JTS: What’s your favorite Burial beer?

DPS: If I pick a standard one — Surf Wax IPA — but they’re doing an amazing job with sours. I love their beer and I swear on my mother’s life it has nothing to do with drawing for them. It’s the best beer I’ve ever had consistently across the board. And I don’t have ready access to their beer. But even if it’s been sitting in a box for a week coming in transit, it’s still the best beer I’ve ever tasted. Even styles of beer that historically my wife and I hated — like saisons — I love when I drink it from these guys. If you can get me to like a saison then you’re doing something right.

JTS: How has working for Burial changed your opinion on their beer, or craft beer in general?

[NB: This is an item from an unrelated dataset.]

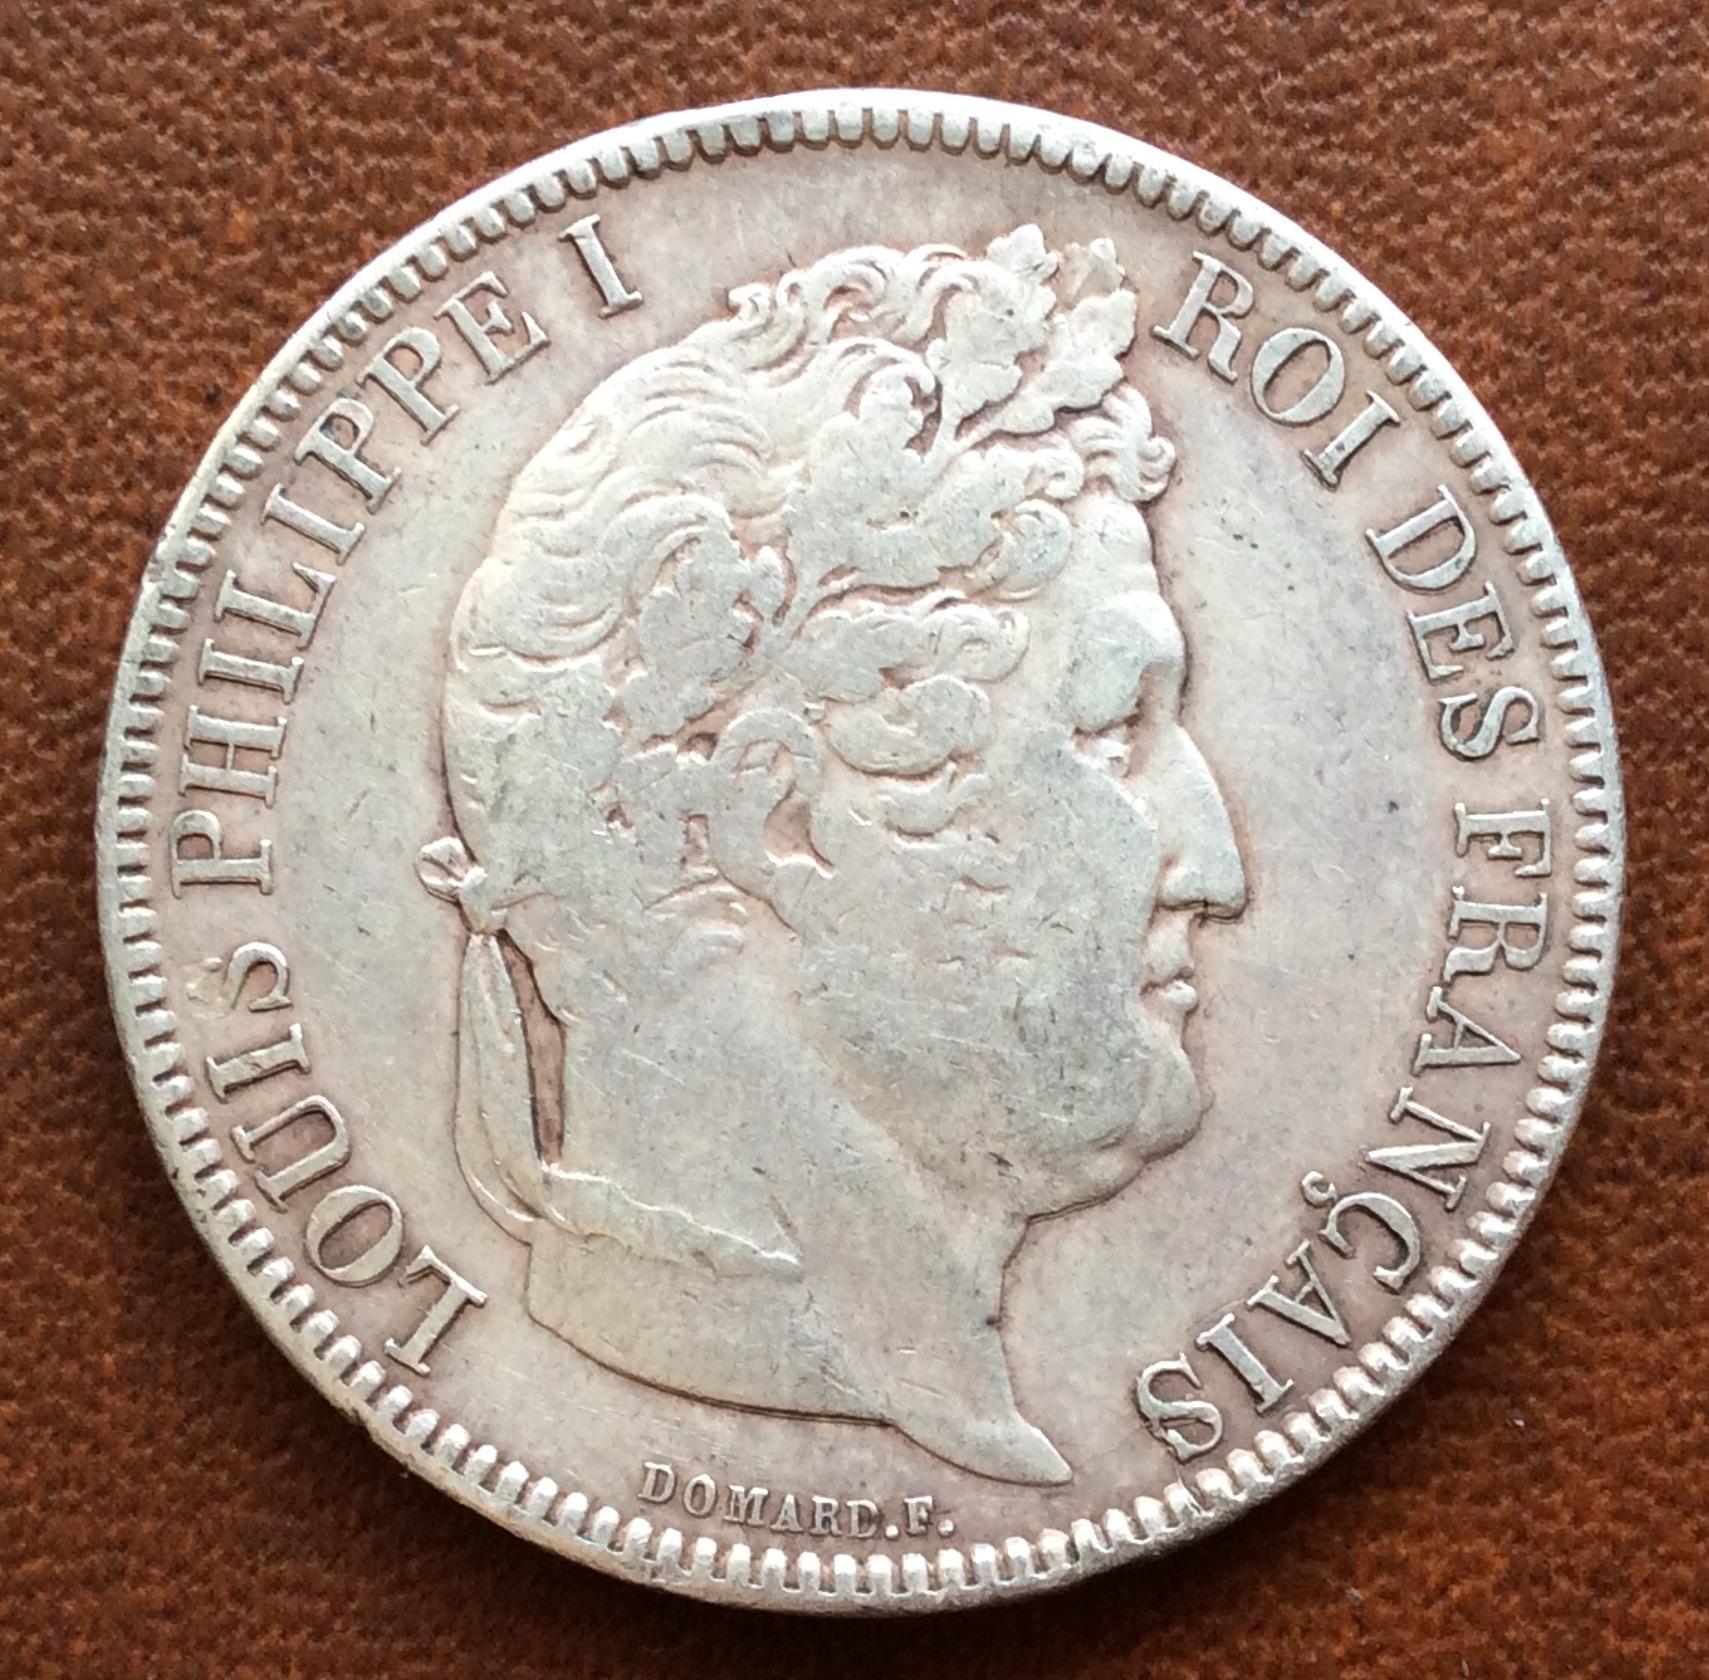 5 FRANCOS DE PLATA DE 1831 - LUIS FELIPE I - FRANCIA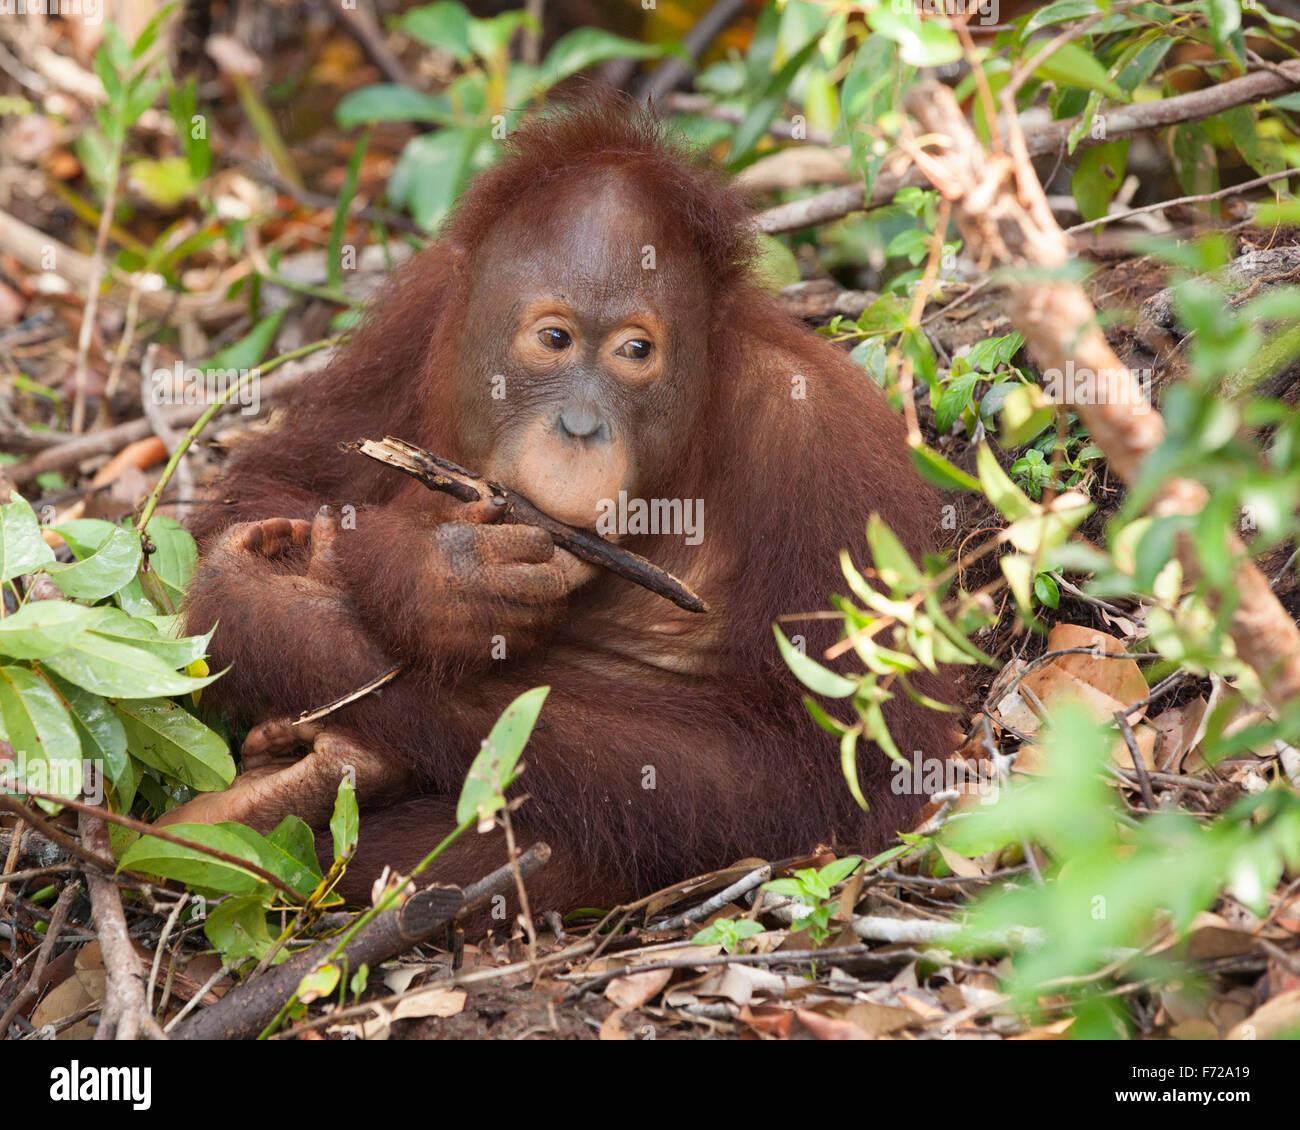 Bornesischen Orang-utan (Pongo pygmaeus) Kauen auf Niederlassung im Wald sitzen Stockbild

DPS: I love the fact that art to them is not just something you apply to a can, some whimsical colors. The process we go through, as quick as it is, is super important to them. How invested they get is in the art is pretty cool. It’s humbling to me that they make me feel so important. All I can speak to is my personal experience. When I walk around the beer store at home and I’m looking at it, and I don’t mean it demeaning or to put myself above anyone else, but being honest and truthful there’s so much I see that’s just sort of bland and doesn’t seem like there’s really an emphasis toward actual art. Just some computer shapes and a graphic designer kind of thing. I don’t see a lot of heart in it I guess. Some might take offense, but it just does speak it me.